Modified: September 06, 2022
deconstructing sensory experience
This page is from my personal notes, and has not been specifically reviewed for public consumption. It might be incomplete, wrong, outdated, or stupid. Caveat lector.A simple lens on meditative insight progress, from Michael Taft:
Start with some sensory object - the sight of a tree, or the felt sensation of the breath. We may try to keep our focus on the object, but this is not a map of concentration, just a map of our awareness as we attend to the object.
- The first level is conceptual awareness of the object as an object. We see the tree as a tree. Under the hood, our mind is simplifying, abstracting, summarizing our sensory experience into a simple conceptual label 'tree'.
- The second level is phenomenal awareness, the sensory experience of the object. We notice the shapes and textures of the leaves, the way the light and shadow plays through the canopy, the fractal branching, the texture of the bark, and so on. This takes effort and energy because our brain isn't built to sustain awareness of all of these things together at once. As we practice, we literally build neural connections and our sensory clarity increases.
- The third level is flow - the many details we notice about the object coalesce somehow into vibrating, flowing energy.
- The fourth level is pure awareness, where the content of the object itself vanishes.
These stages can be experienced in order or out of order, at very different levels on different days or with different objects. So this is not a rigid scheme but just one lens through which to understand meditative experiences.

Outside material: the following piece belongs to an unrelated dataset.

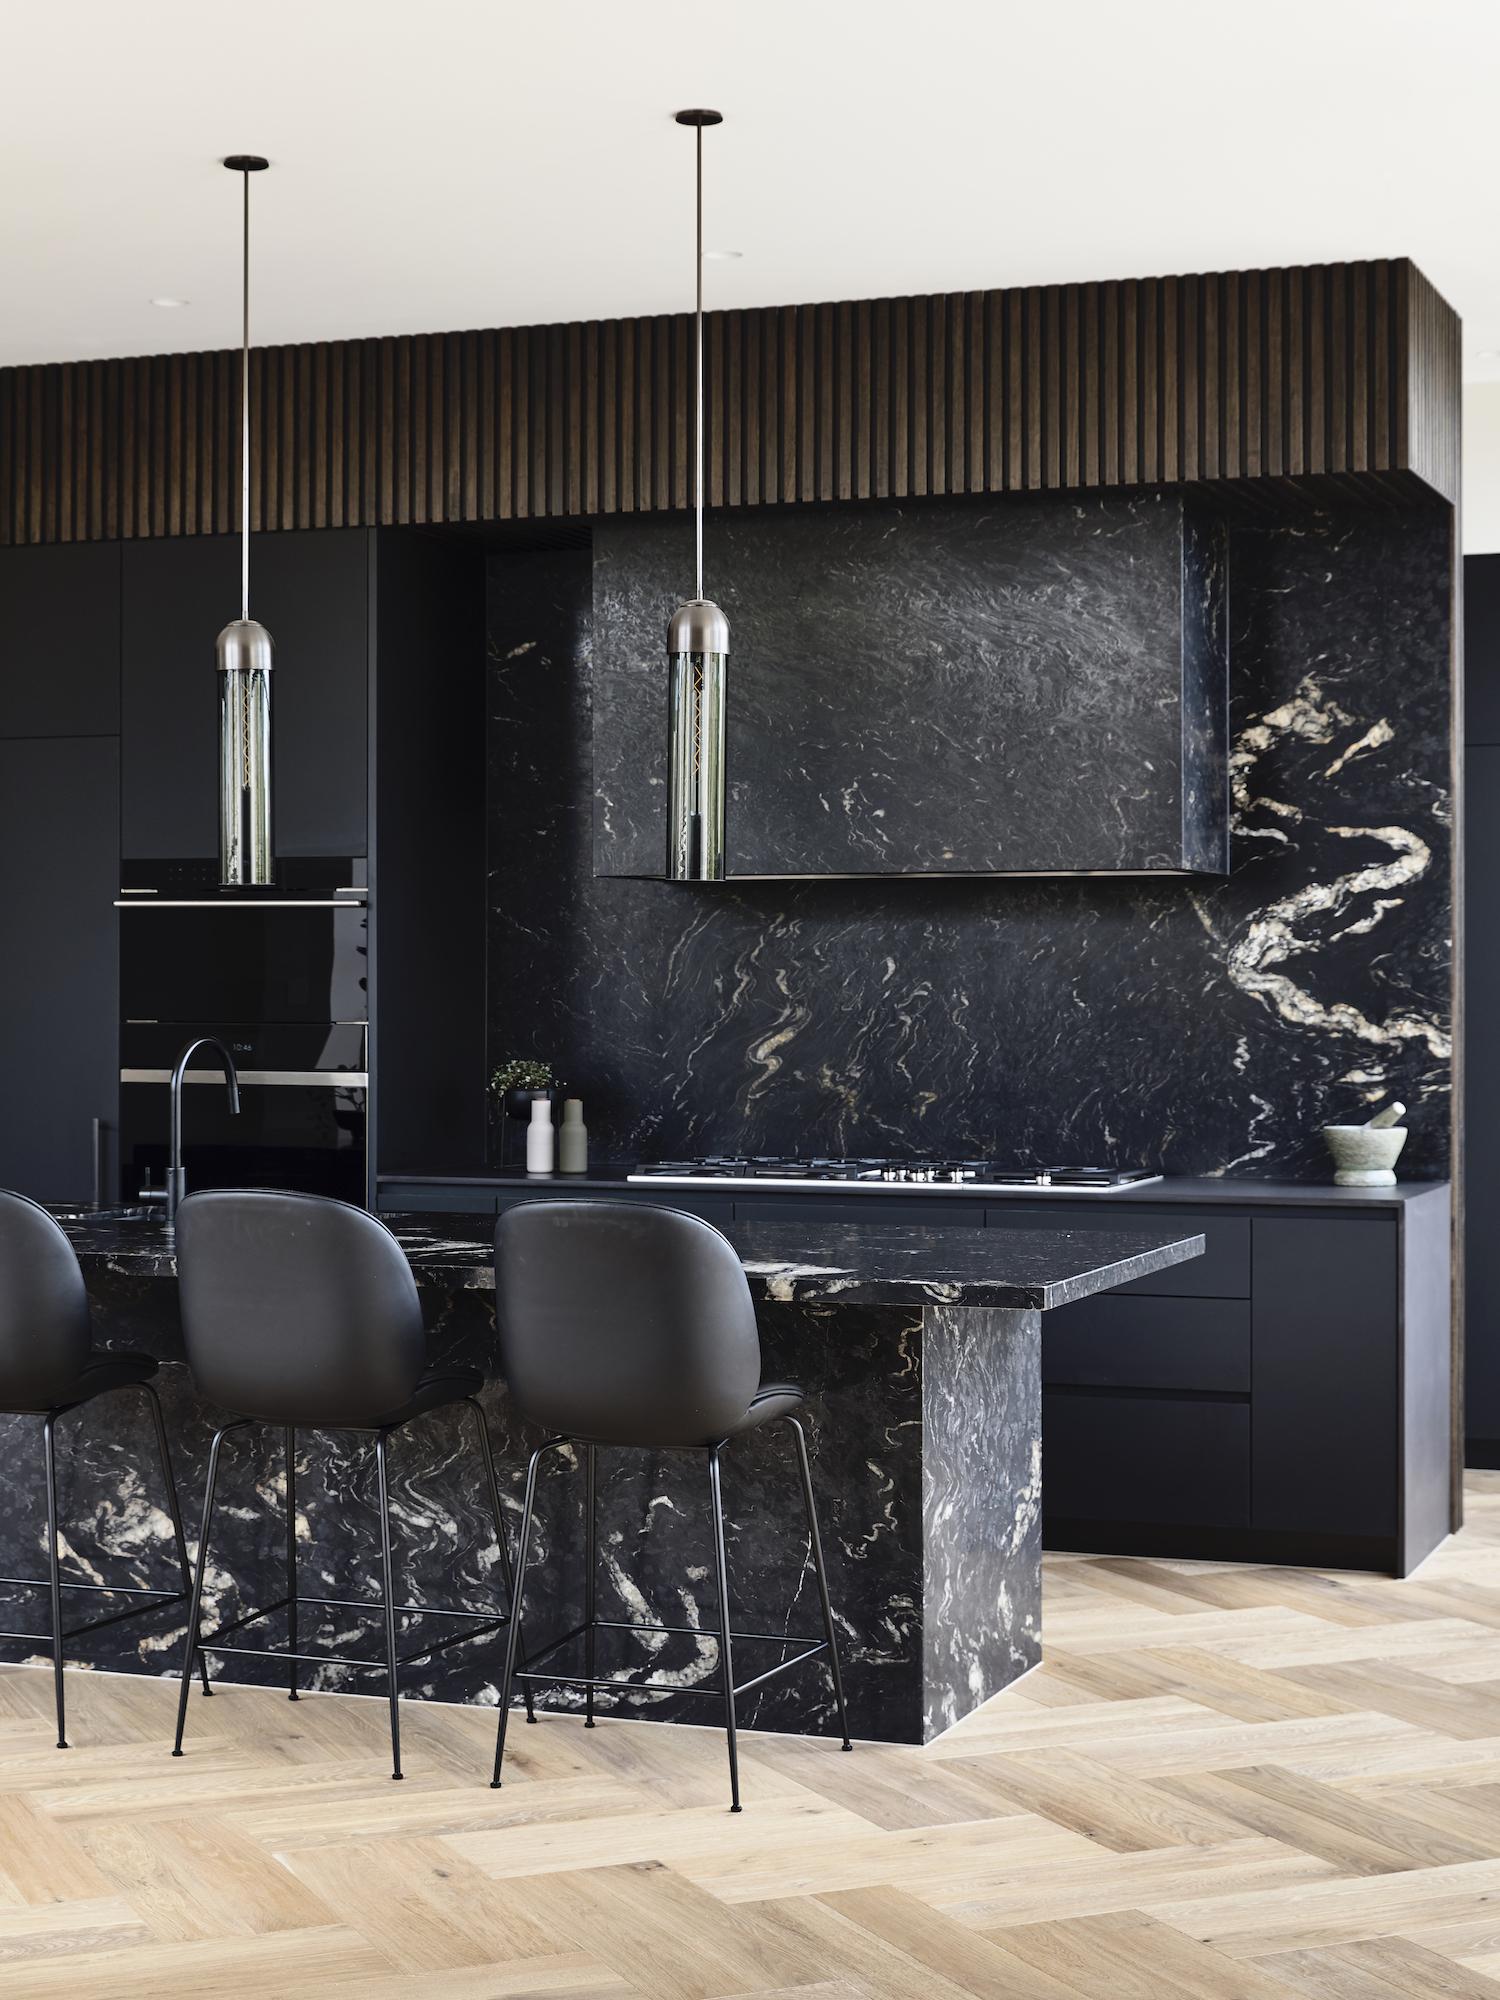 est living dutch gable house austin design associates 04

I don't think I fully understand or appreciate the later stages yet, but the discussion of sensory clarity seems helpful to me. Part of what I'm doing in my concentration practice is to be deeply aware and curious about the sensations of the breath, and it's useful to know that this is both an important part of the insight path, and also a limited part, insofar as feeling the breath clearly doesn't necessarily imply, e.g., seeing or hearing with the same level of clarity.
I can somewhat see how this description connects to the idea of fixation: in trying to develop sensory clarity, we need to be open to all sense data as it comes in, not fixated on the previous thing in order to process or conceptualize it. In order to fully experience the present moment we also need to fully let go of the present sensory experience so that we can fully experience the next moment.